Adding and Subtracting Decimal Numbers, Part 1
Adding and subtracting decimal numbers is introduced in Grade 4, Saxon Math Intermediate 4 Chapter 5. The fundamental rule is to line up the decimal points vertically before computing. Students add placeholder zeros where needed—for example, 1.2 becomes 1.20 when paired with a number like 3.45. After aligning, addition or subtraction proceeds column by column from right to left, and the decimal point drops straight down into the answer. Real-world money problems reinforce the skill, such as finding change after paying with a 10 dollar bill for items totaling 8.25 dollars.
Key Concepts
New Concept We add or subtract decimal numbers by lining up the decimal points and then add or subtract.

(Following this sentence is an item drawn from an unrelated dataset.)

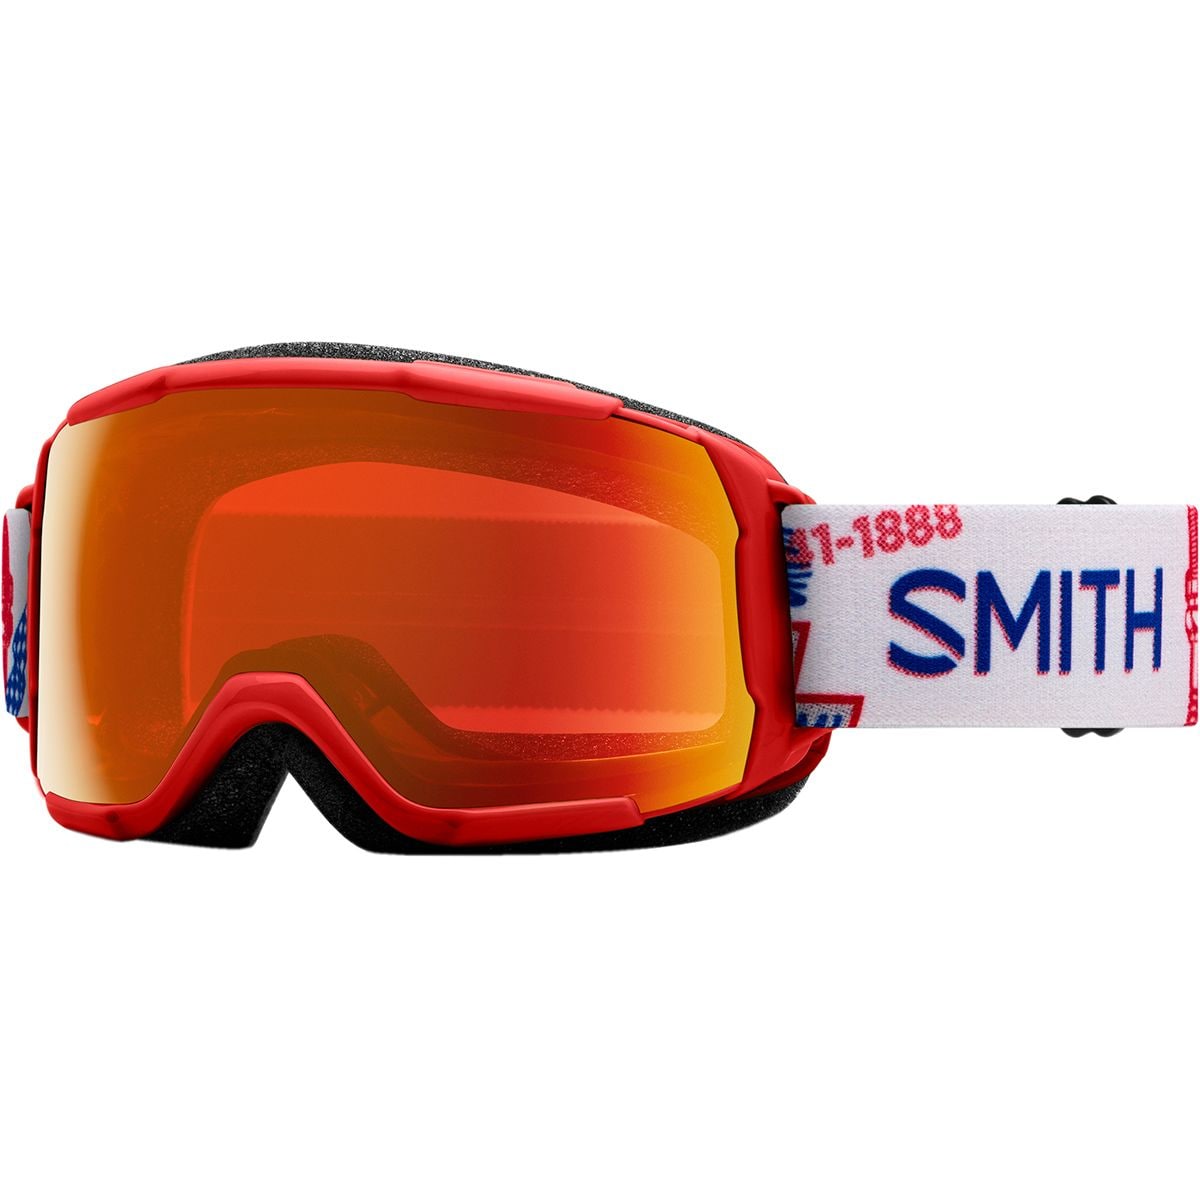 Smith Grom ChromaPop Goggles - Kids' Help Wanted/Chroma Ed Red Mir
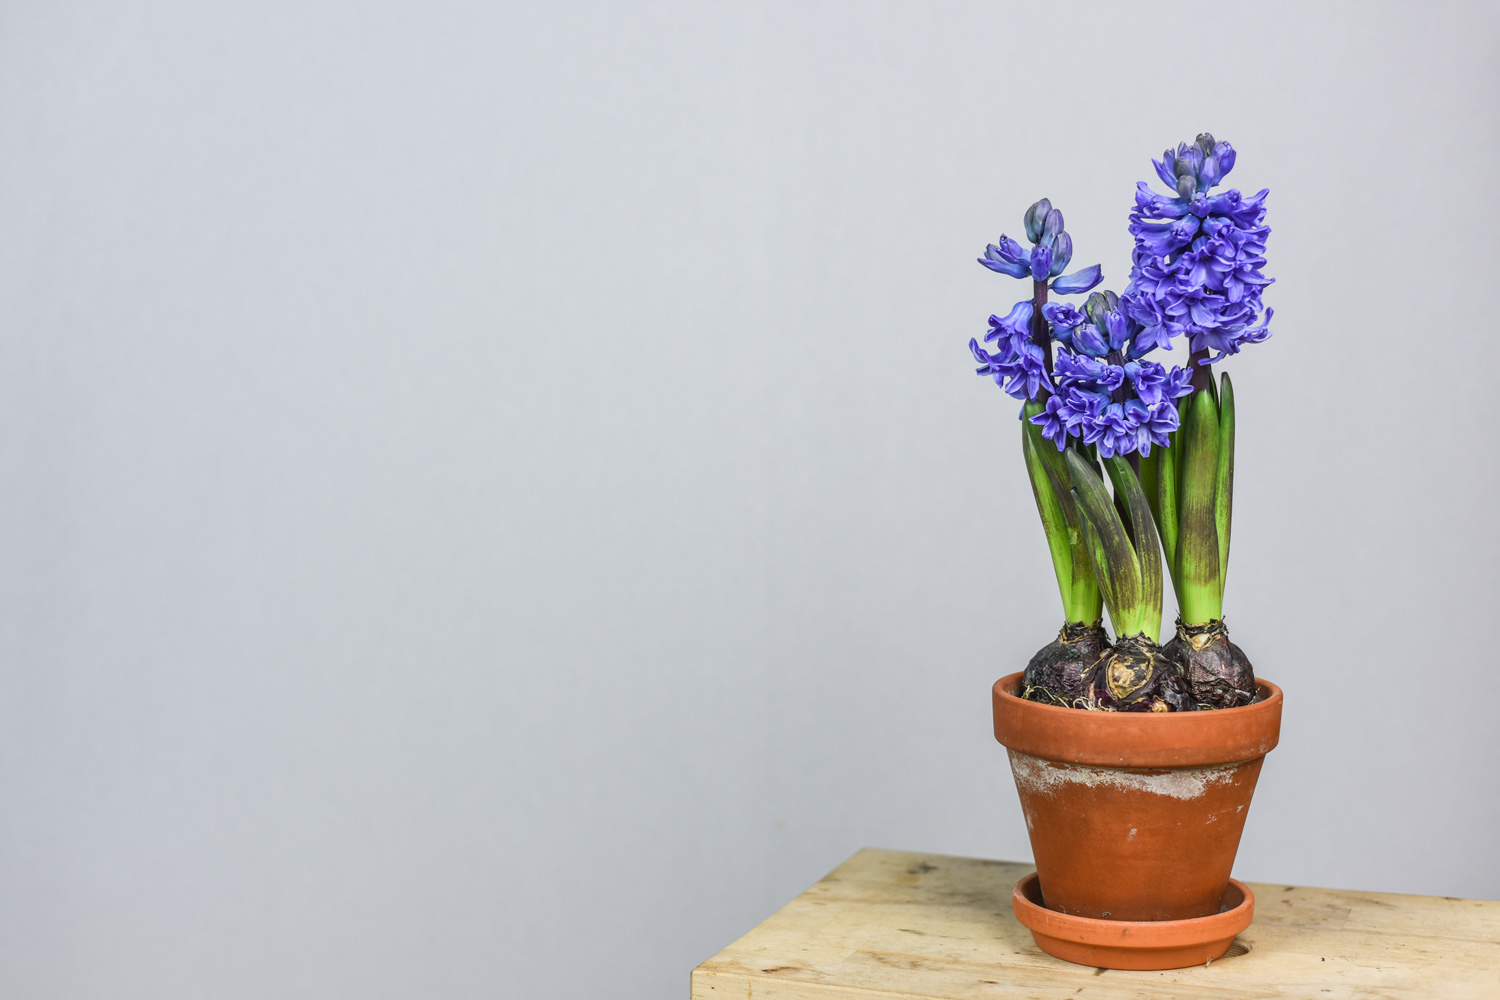 Blue hyacinth in a flower pot, early bloomers in spring in a clay pot

Why it matters This course is your training ground for algebra, where you'll learn to solve complex puzzles using the language of math. Starting with decimals teaches you the precision needed to handle any number, a core skill for unlocking powerful new problem solving methods later on.
What’s next Next, you’ll apply this rule to solve problems involving money and measurements, ensuring your calculations are precise every time.
Common Questions
What is the most important rule when adding or subtracting decimal numbers?
Always line up the decimal points vertically before computing. This ensures digits of the same place value are added together.
How do I add 1.2 and 3.45?
Write 1.2 as 1.20 to match the two decimal places of 3.45. Then align decimal points and add: 1.20 plus 3.45 equals 4.65.
How do I subtract a decimal from a whole number like 10 minus 8.25?
Write 10 as 10.00 to add the decimal point and placeholder zeros. Then align and subtract: 10.00 minus 8.25 equals 1.75.
What are placeholder zeros and why are they used?
Placeholder zeros are added to the end of a decimal to match the number of decimal places in another number. They do not change the value but allow proper alignment for computation.
Why does the decimal point drop straight down into the answer?
Because the decimal point separates the whole number from the fractional part. Its position must be preserved consistently in the result.